To lift directly from the Jubilee wiki, “Jubilee is an extensible multi-tool motion platform capable of running G-code for low force automation applications.”. Jubilee is originally developed and configured as a tool-changing 3D printer. Tool changing 3D printers use multiple hot-swappable extruder heads to allow them to print with multiple colors or materials. Jubilee is a great platform for experimental automation because the tool changing capability makes it possible to run multi-step experimental workflows on a single platform without moving samples manually. The open, extensible nature of the platform also makes it reasonably straightforward to develop new tools or capabilities. However, because Jubilee is an open-source system, the user is responsible for many aspects of building and running the system. This lends Jubilee a steep learning curve compared to other automation platforms. This guide provides a pathway to flatten that learning curve.

Where to find help?

Because Jubilee is many things to many people, information on the platform is spread across several locations.

• The Jubilee wiki page https://jubilee3d.com/index.php?title=Main_Page is the official website of the Jubilee project. You will find instructions for building the core motion platform and configuring it as a 3D printer here.

• Jubilee as a 3D printer has a large and active community. The Jubilee discord is the best spot to interact with this community. (Open a github issue on science_jubilee if this link is broken)

• The people behind science-jubilee host an Open Source Lab Automation discord server. Join at https://discord.gg/ubxU2rMJwN.

• Jubilee uses a commercial motion control board called Duet as its brains. For software, configuration, or wiring issues, start at the Duet documentation.

Prerequisites

This guide assumes you have a few things:

Hardware:

1. A Jubilee motion platform, either assembled or still in the box (in the box is better!). You can purchase a Jubilee kit from filastruder or assemble the requisite parts from the bill of materials. If it is an option, buying the Filastruder kit is likely to be the most cost effective option, doubly so if you value your time in any way. These directions assume you are running a Duet 3 mini ethernet main board and a Duet3 3HC expansion board, but other options will work too.

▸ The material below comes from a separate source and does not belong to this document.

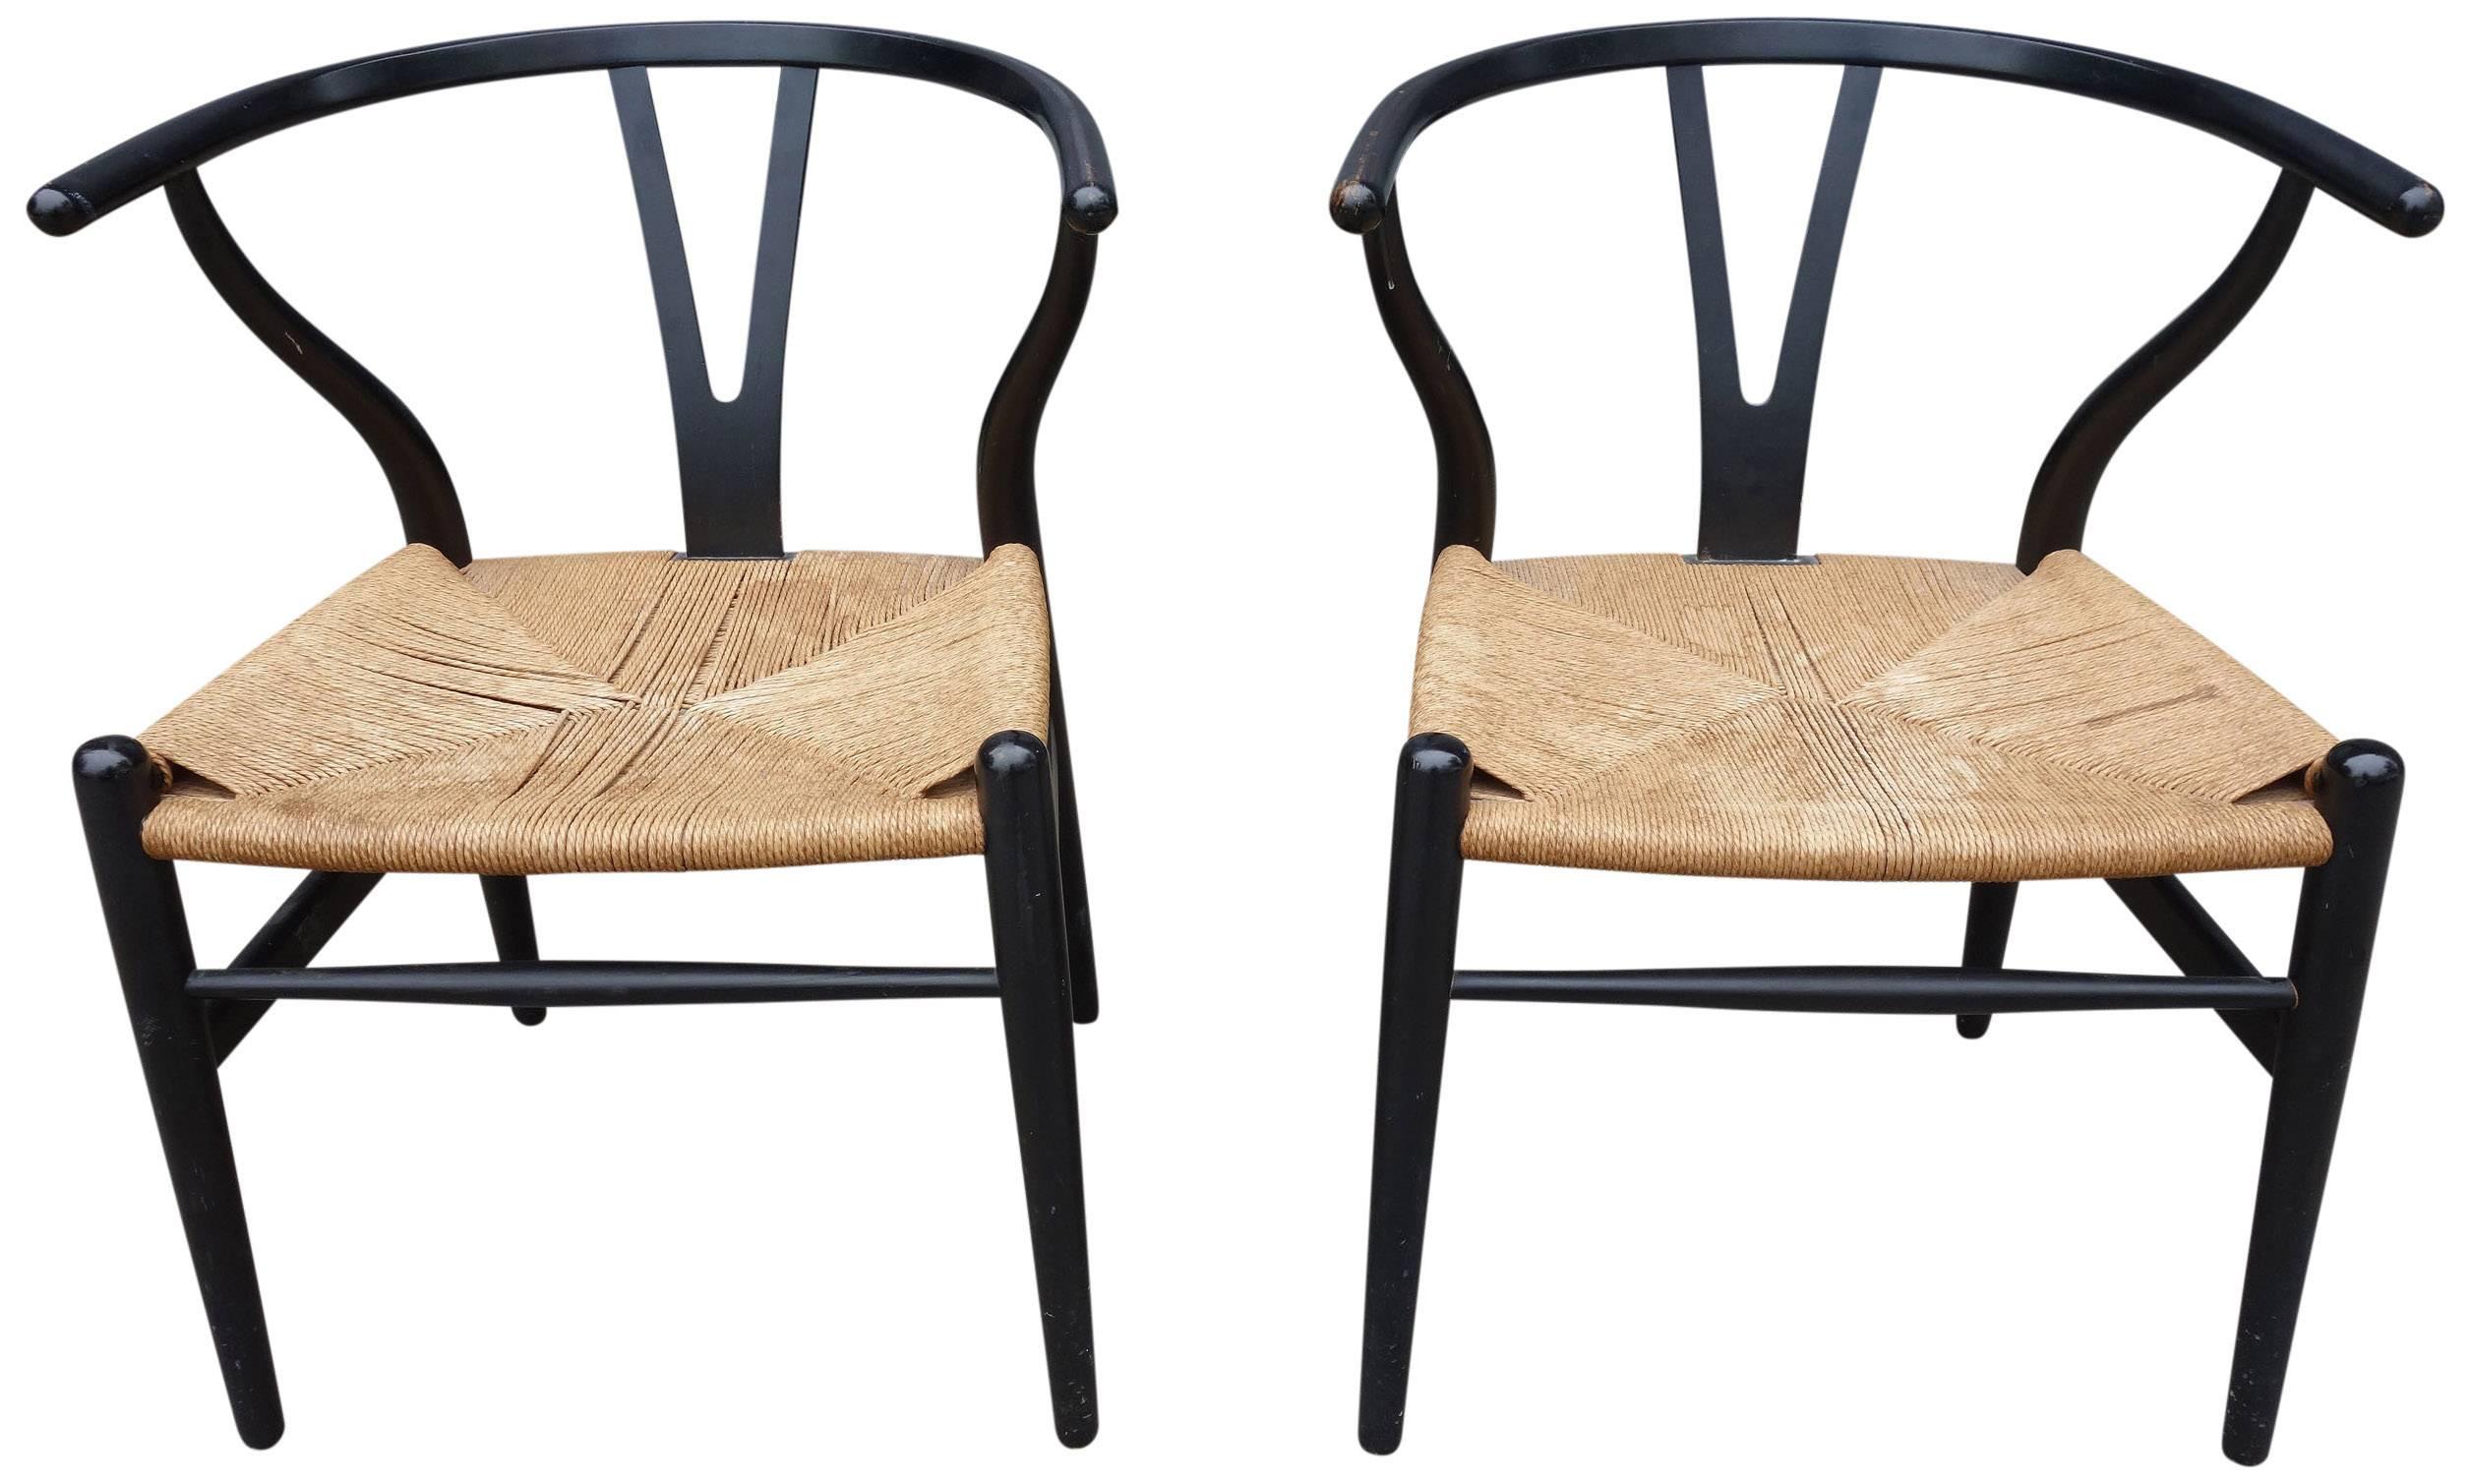 20th Century Midcentury Hans Wegner Wishbone Chairs
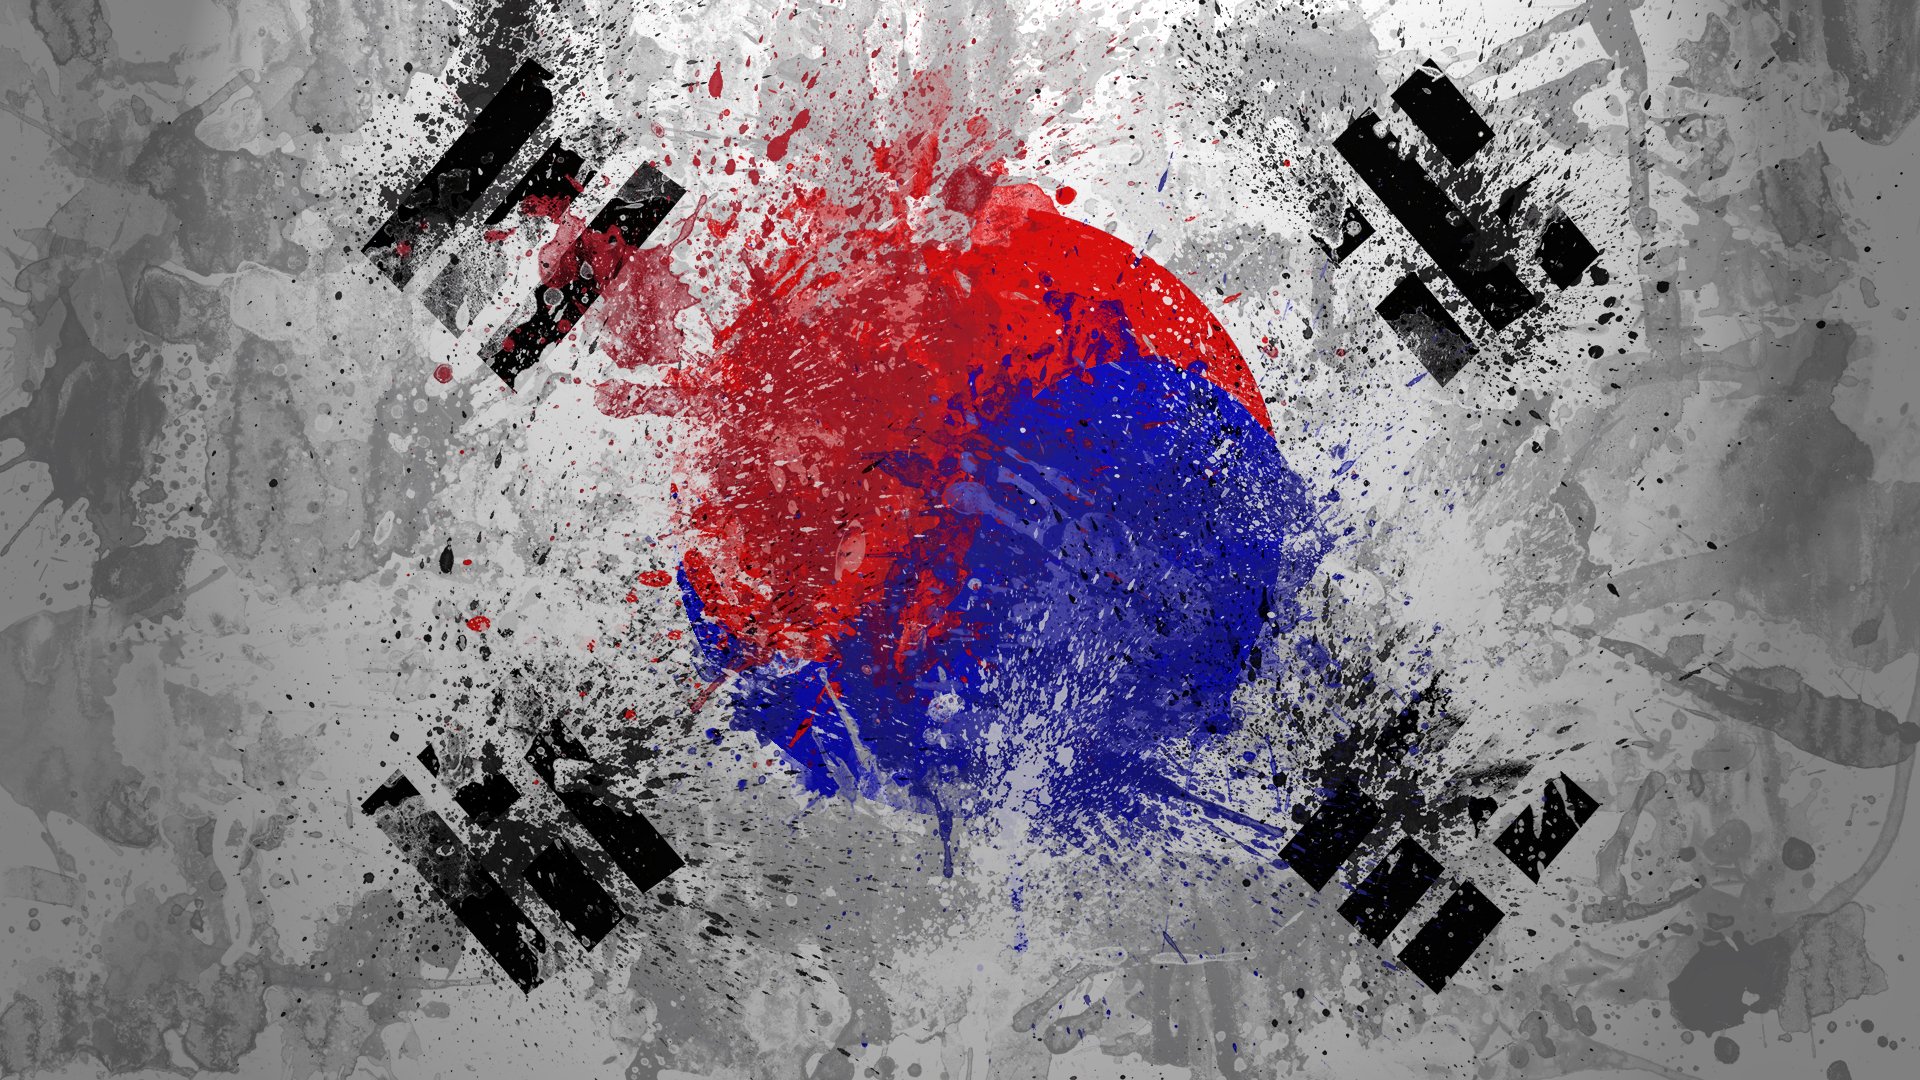 Флаг Южная Корея

2. A lab automation bed plate.

3. Hardware to run the color mixing demo. This includes an Opentrons pipette tool or other liquid handling tool as well as a downward-facing camera such as the webcamera tool.

4. An ethernet cable and means to plug it into your computer. Modern laptops will probably require and adapter.

Software:

1. A computer with python installed, preferably via a conda environment

2. A science-jubilee duet configuration fileset.

Tools:

1. A set of precision screwdrivers with hex and torx bits. We like the Mako driver kit from iFixit.

2. A set of metric hex L keys

3. #2 phillips screwdriver

4. Flush-cut clippers for zip ties

5. Most tool builds will require parts to be 3D printed on a filament printer. You will not need this for the motion platform build if you buy the full kit.

6. Most tool builds will also require making electrical connections through soldering and crimping. You will not need to do this for the motion platform build if you buy the full kit.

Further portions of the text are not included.